The main argument presented by Motel was that it would be overly burdensome for wineries to monitor their customers for “yet another intoxicant such as marijuana”, and potentially costly. He also explained that enforcing a “no smoking” policy on a vineyard would be costly and require additional staff and unseen costs. He even complains about the “inconspicuous vaping technology” making enforcement even tougher. From Motel’s submitted testimony:
“From a business perspective, Connecticut small wine farms are deeply concerned with the liability that accompanies the regulation and retail sale of marijuana. Wineries are responsible for the well-being of their patrons. Since small wine farms already serve alcohol on premises, monitoring customers for yet another intoxicant such as marijuana puts a dangerous and costly burden on business owners. In the event of an accident, the winery bears the burden of defending themselves and paying the price.
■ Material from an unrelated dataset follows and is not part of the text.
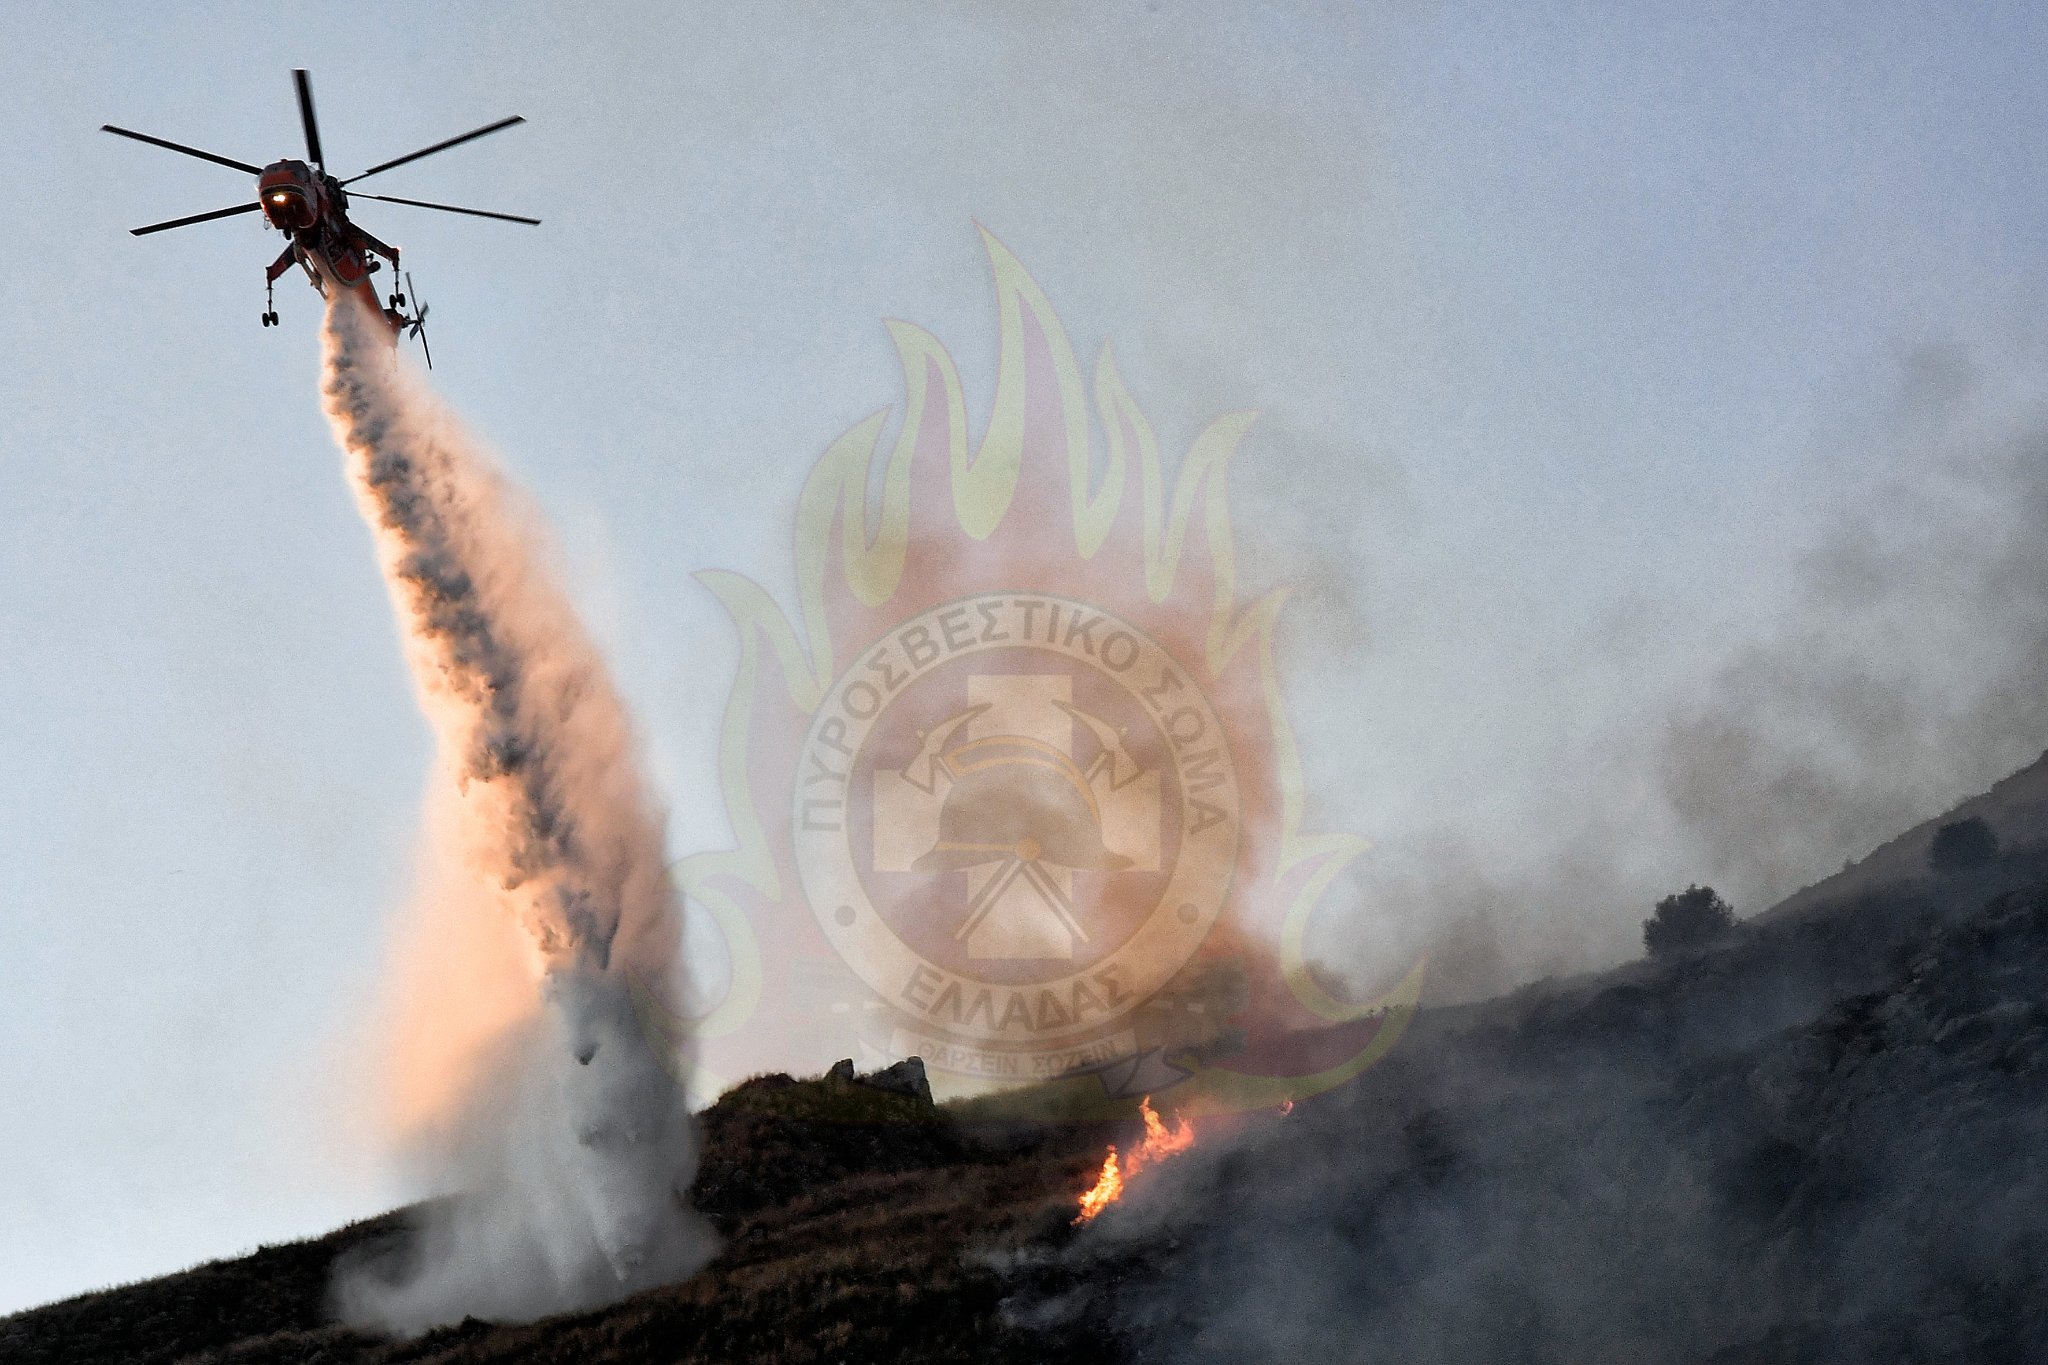 Πελοπόννησος: Σε “πορτοκαλί συναγερμό” για πυρκαγιές η μισή Περιφέρεια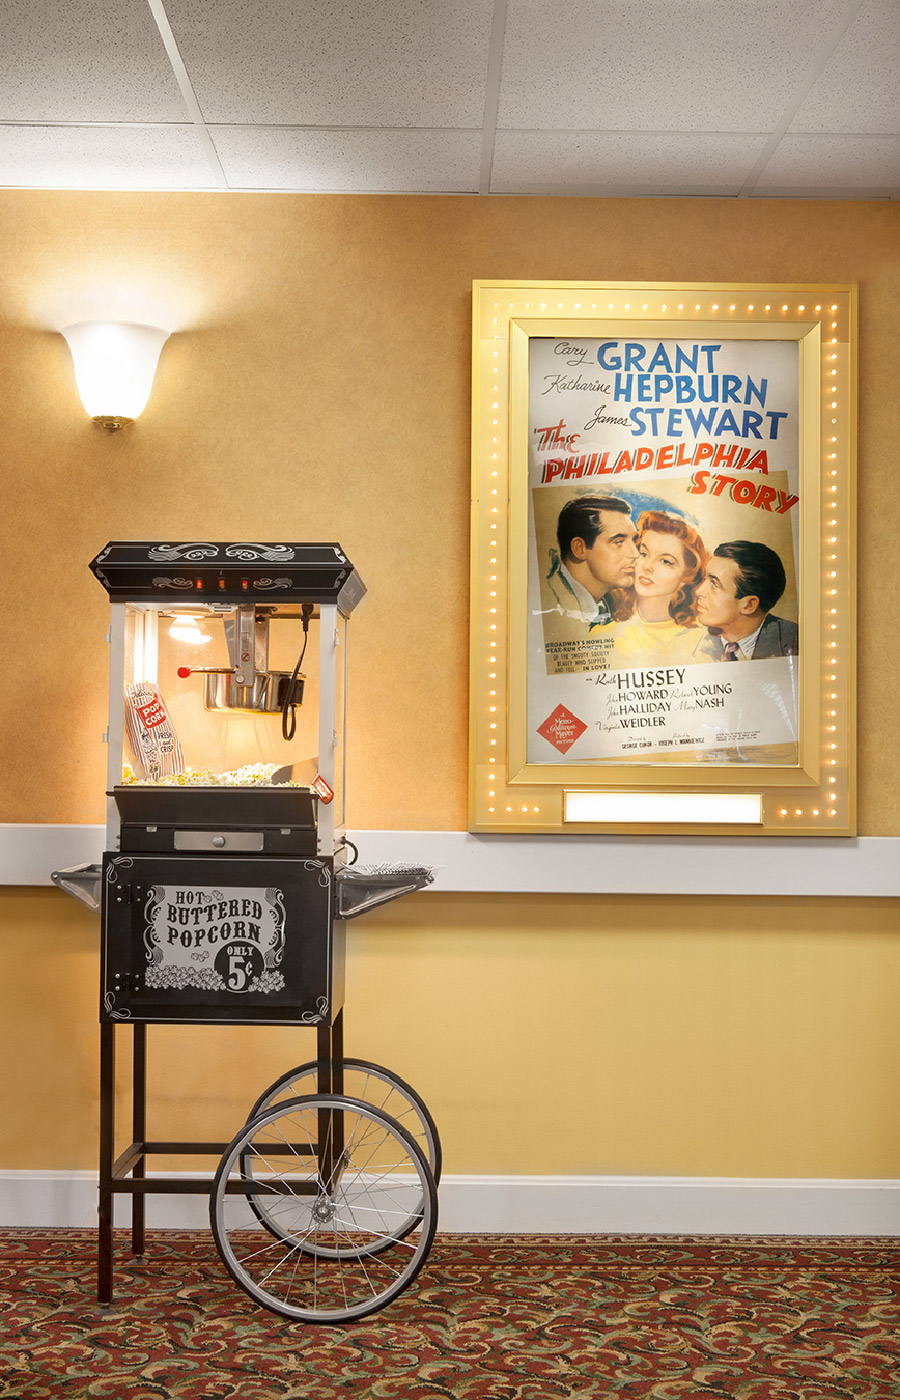 Popcorn machine by movie poster.

Furthermore, hiring and training staff to monitor and enforce a ‘no smoking’ policy on expansive vineyard property simply isn’t feasible – especially with the inconspicuous vaping technology surfacing in other states with similar marijuana laws.”
The idea that it’s the responsibility of a winery to check customers for “marijuana intoxication”, whatever that looks like, during wine tasting is absurd and shows the ignorance of the association and Connecticut winemakers. To also claim that they will have trouble policing their vast acreage to control people that are smoking doobies or hitting on a vape pen is laughable, at best.
Their only decent argument they made is one of pure protectionism of their industry, arguably to the detriment of the health of their citizens. He explains that alcohol sales in legal states has declined, which could impact their sales.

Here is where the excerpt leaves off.